Now you are ready to execute a query and get the results. The following snippet demonstrates how to execute a query and load the results directly into a DataFrame:

queryResult = cur.execute("query")
df = query.fetchall()

If you are executing multiple queries with variable parameters, you can use parameter substitution in a similar manner as with Python’s SQLLite libraries, where the substitution is handled by a ? in the query string. For example:

query = cur.execute("SELECT * FROM mytable WHERE param1 = ? AND param2 = ?", 
  (var1,var2))

Connecting to Drill Using pydrill

pydrill is another wrapper for Drill’s RESTful interface, but it is a little more robust and includes access to many other aspects of Drill that are exposed in the RESTful interface besides just executing a query. pydrill is not DBAPI-compliant, and therefore if you want to use the database connection object in another module, it likely will not work. However pydrill can transfer query results directly into a Pandas DataFrame.

The process for connecting to Drill using pydrill is basically the same as with drillpy:

  1. Create a connection object. pydrill has an .isActive() function to verify the connection was in fact successful.

  2. Execute the query.

  3. Iterate through the results or transfer them to a DataFrame.

Like drillpy, you can install pydrill by using pip, as shown here:

pip install pydrill

The following code snippet demonstrates how to query Drill using pydrill:

from pydrill.client import pydrill

#Connect to Drill
drill = pydrill(host='hostname', port=8047)

#Check to see if the connection succeeded
if not drill.is_active():
    raise ImproperlyConfigured('Please run Drill first')

#Execute the query
queryResult = drill.query('query')

#Export the results to a Pandas DataFrame
df = queryResult.to_dataframe()

Other functionality of pydrill

In addition to executing simple queries, pydrill has a lot of other functionality, including:

  • Activating or deactivating a Drill storage plug-in as well as getting details about the available storage plug-ins

  • Accessing usage statistics

  • Accessing information about the query plans and much more

You can find the complete documentation for pydrill on the project’s website.

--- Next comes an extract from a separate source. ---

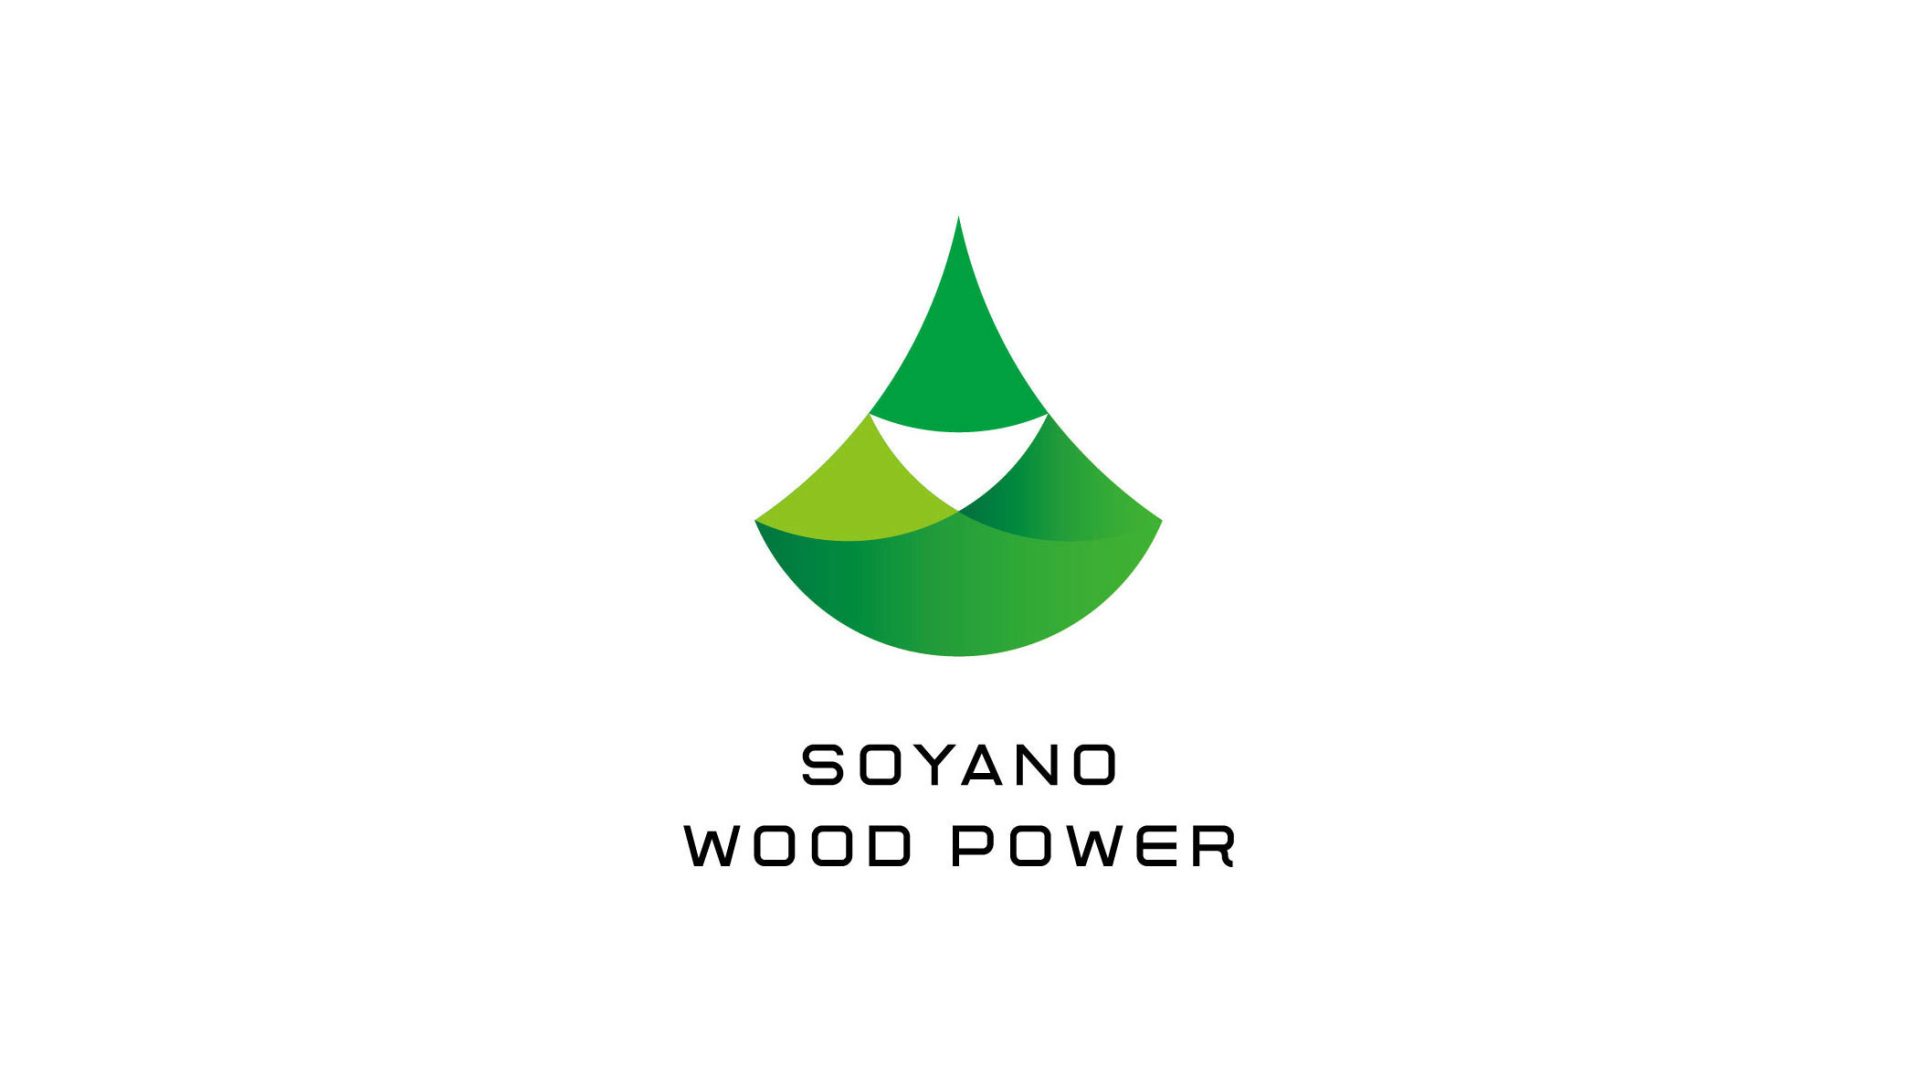 SOYANO WOOD POWER

Other Ways of Connecting to Drill from Python

Because Drill is ODBC- and JDBC-compliant, it is possible to query Drill by using the pyODBC or JayDeBeApi modules. Although using these modules does get you access to additional functionality, they are also more difficult to configure and debug. JDBC has several key advantages over the RESTful interface; specifically, it can handle large result sets, security and authentication are easier to enforce using JDBC, and REST isn’t usable in a large-scale cluster because there is no REST API to connect to ZooKeeper to determine whether a Drillbit is still alive and part of the cluster. You will find that it is easier to use the Python modules that are based on the RESTful interface such as PyDrill and DrillPy because you do not have to configure your system in order to use them.

The following code snippet demonstrates how to query Drill via JDBC using JayDeBeApi, Python’s JDBC module. After importing the module, the most difficult step is creating the connection object using the jaydebeapi.connect() function. There are four arguments to this function, as shown here:

conn = jaydebeapi.connect("org.apache.drill.jdbc.Driver", 
                          "jdbc connection string",
                          ["username", "password"],
                          "path_to_Drill_JDBC_driver",)

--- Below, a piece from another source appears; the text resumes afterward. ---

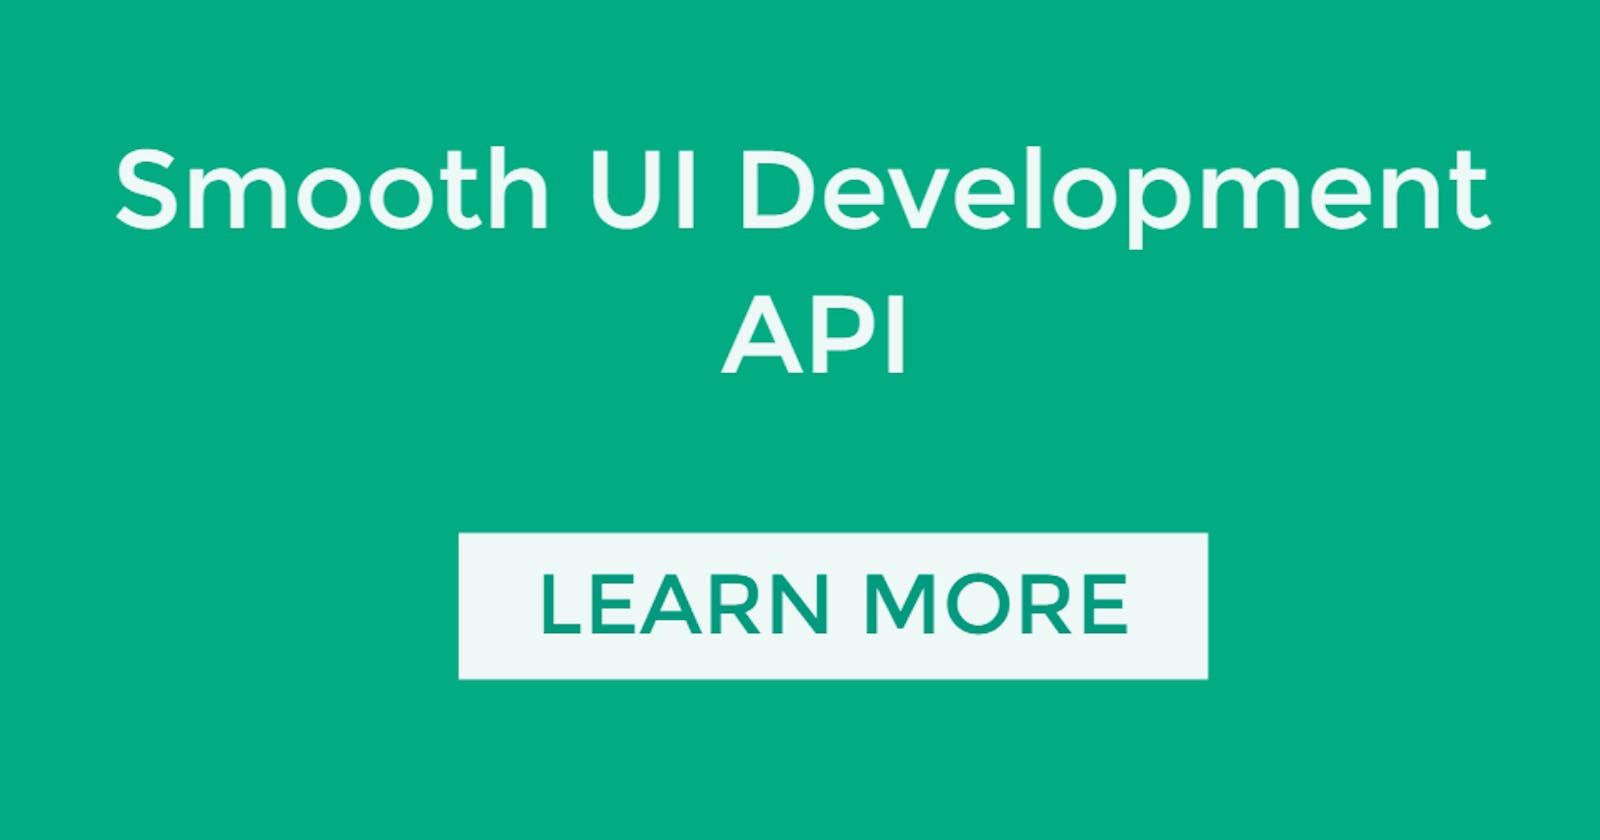 Top 3 Helper APIs for smooth web development

The following complete snippet demonstrates how to query Drill using JayDeBeApi and import the results into a Pandas DataFrame. The driver version will be different for each version of Drill, so make sure you are using the appropriate version:

import jaydebeapi
import pandas as pd

#Create the connection object
conn = jaydebeapi.connect("org.apache.drill.jdbc.Driver", 
                     "jdbc:drill:drillbit=localhost:31010",
                       ["admin", "password"],
                       "drill_path/jars/jdbc-driver/drill-jdbc-all-version.jar")

#Create the cursor object
curs = conn.cursor()

#Execute the query
curs.execute("SELECT * FROM cp.`employee.json` LIMIT 20")

#Get the results
curs.fetchall()

#Read query results into a Pandas DataFrame
df = pd.read_sql("SELECT * FROM cp.`employee.json` LIMIT 20", conn)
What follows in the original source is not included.